• [Records provided]

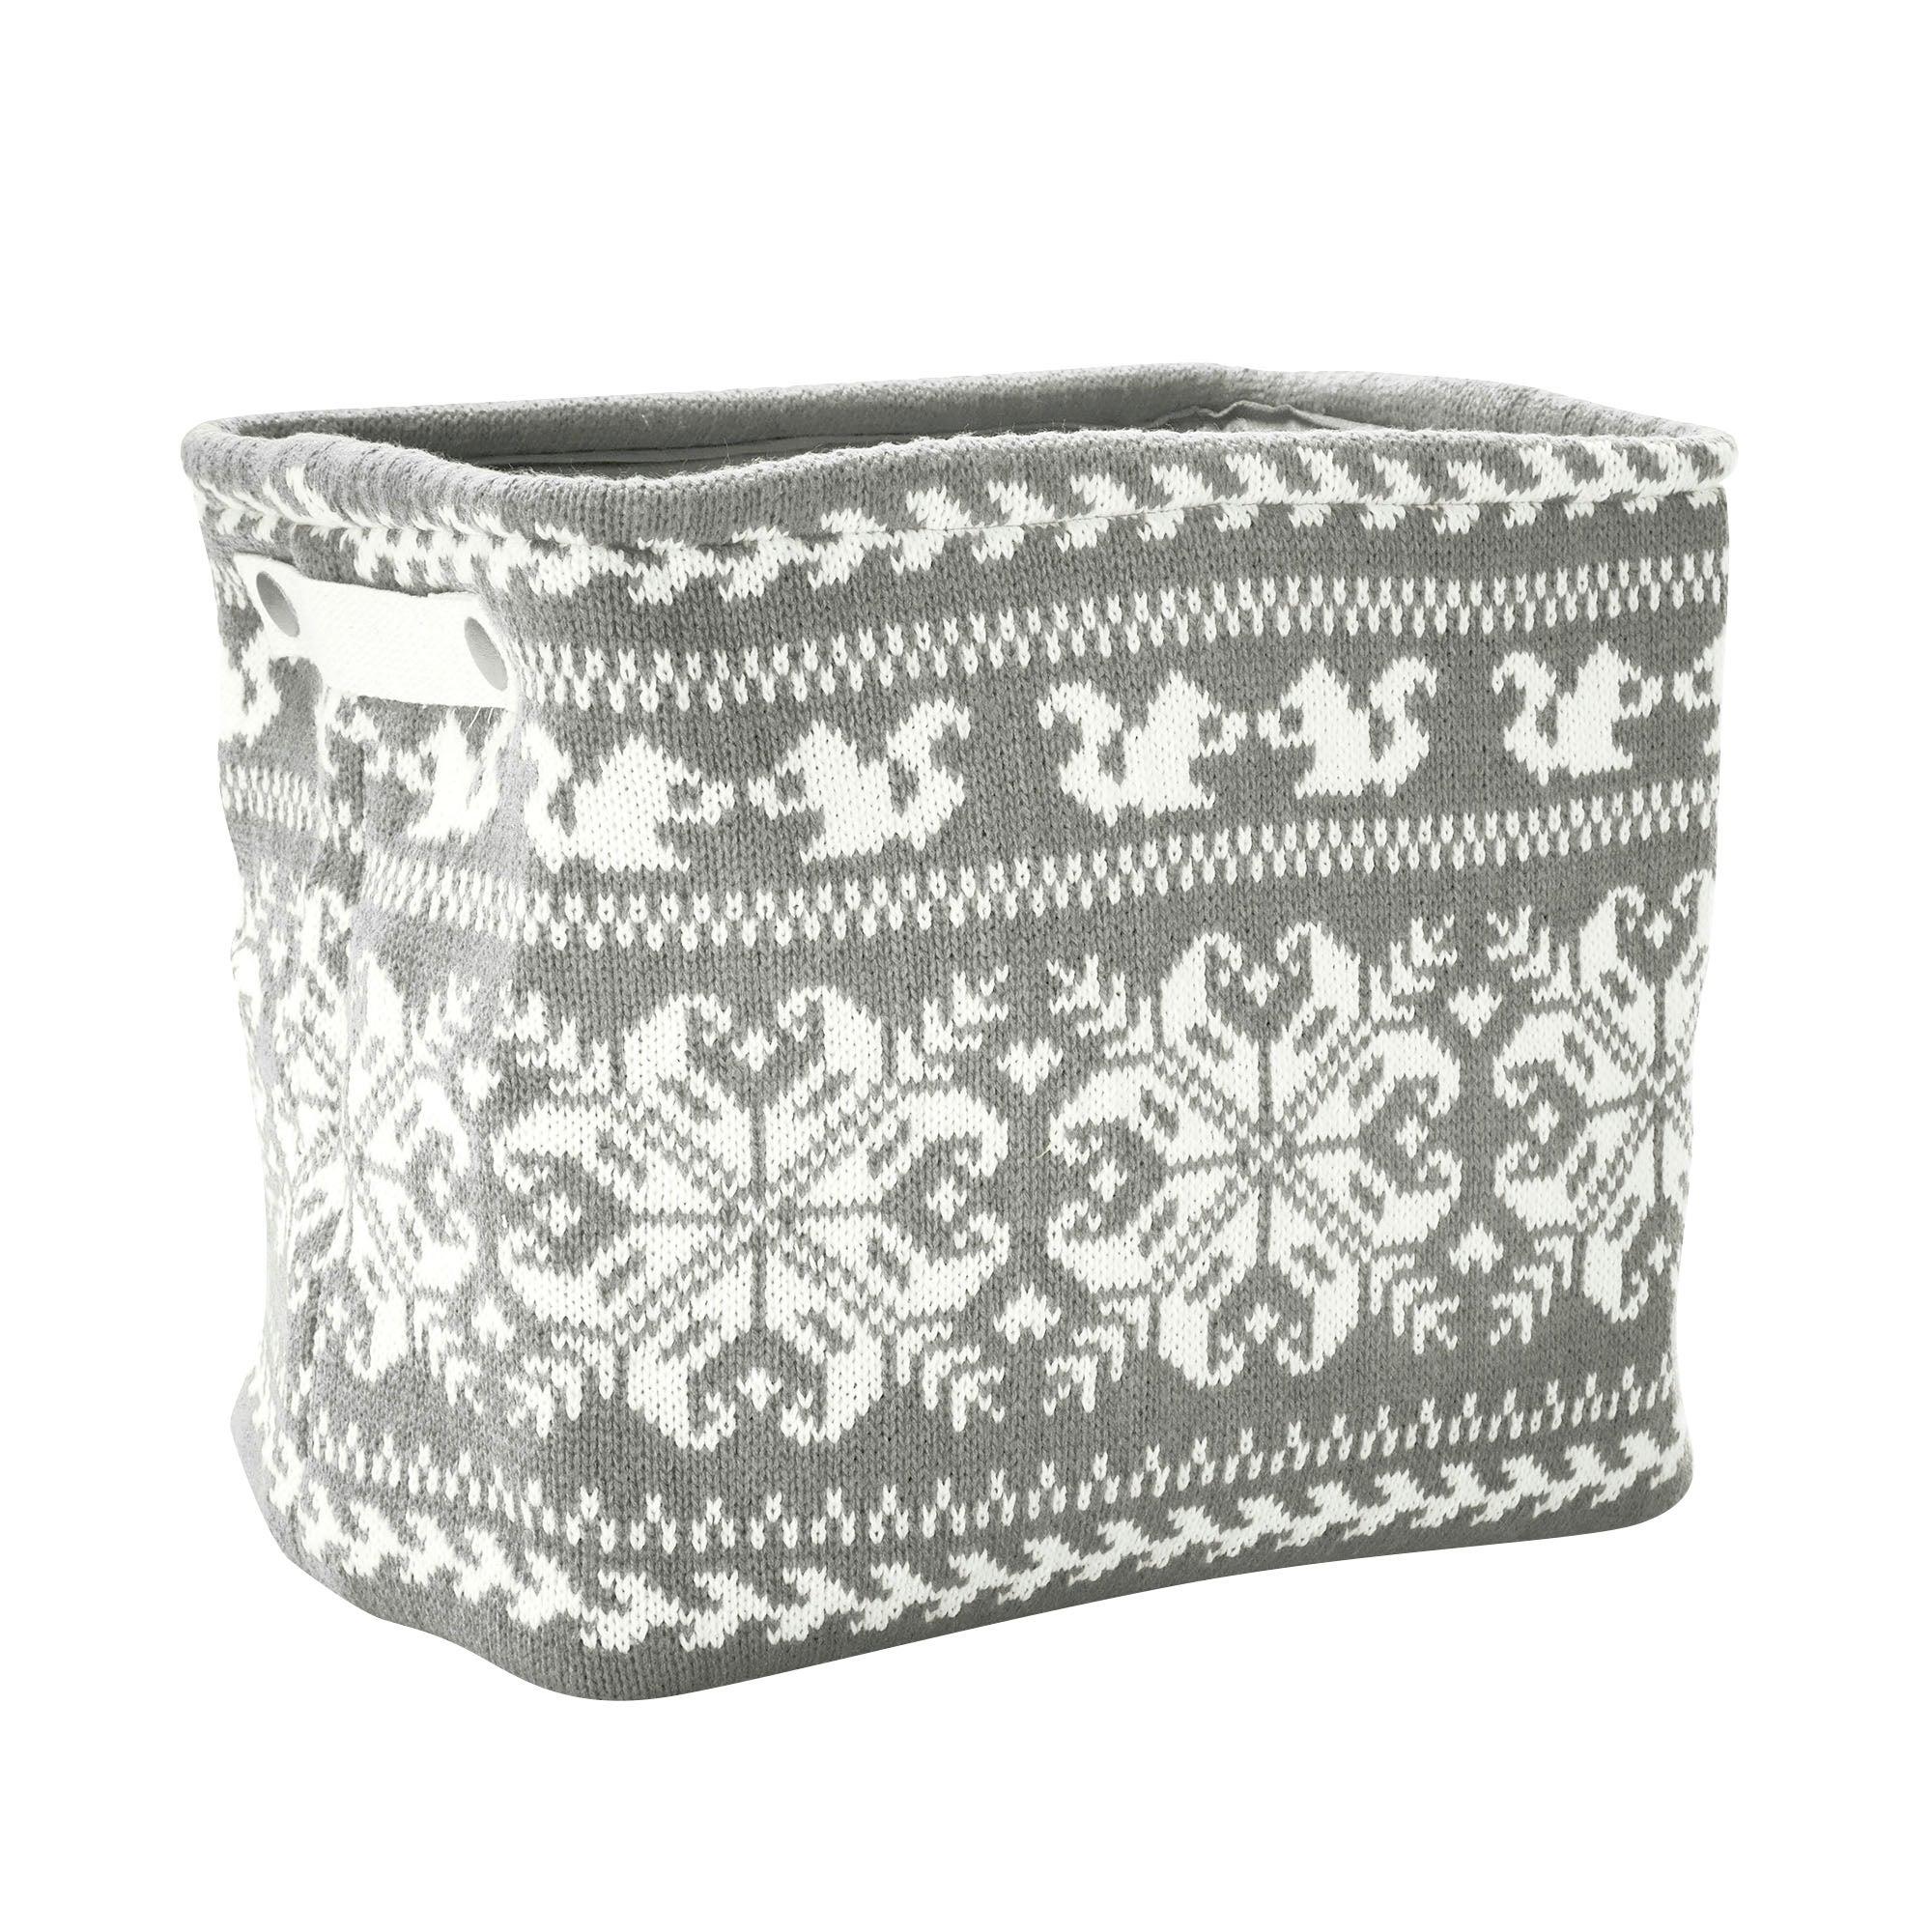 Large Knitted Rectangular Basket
* * *
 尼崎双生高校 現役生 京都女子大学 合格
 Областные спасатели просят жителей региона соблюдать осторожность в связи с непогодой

• [Work request] Set down only the lines above that fall between the line holding "尼崎双生高校 現役生 京都女子大学 合格" and the line holding "Областные спасатели просят", inclusive, keeping each exact.

• [Solution to this exercise]
 尼崎双生高校 現役生 京都女子大学 合格
 Областные спасатели просят жителей региона соблюдать осторожность в связи с непогодой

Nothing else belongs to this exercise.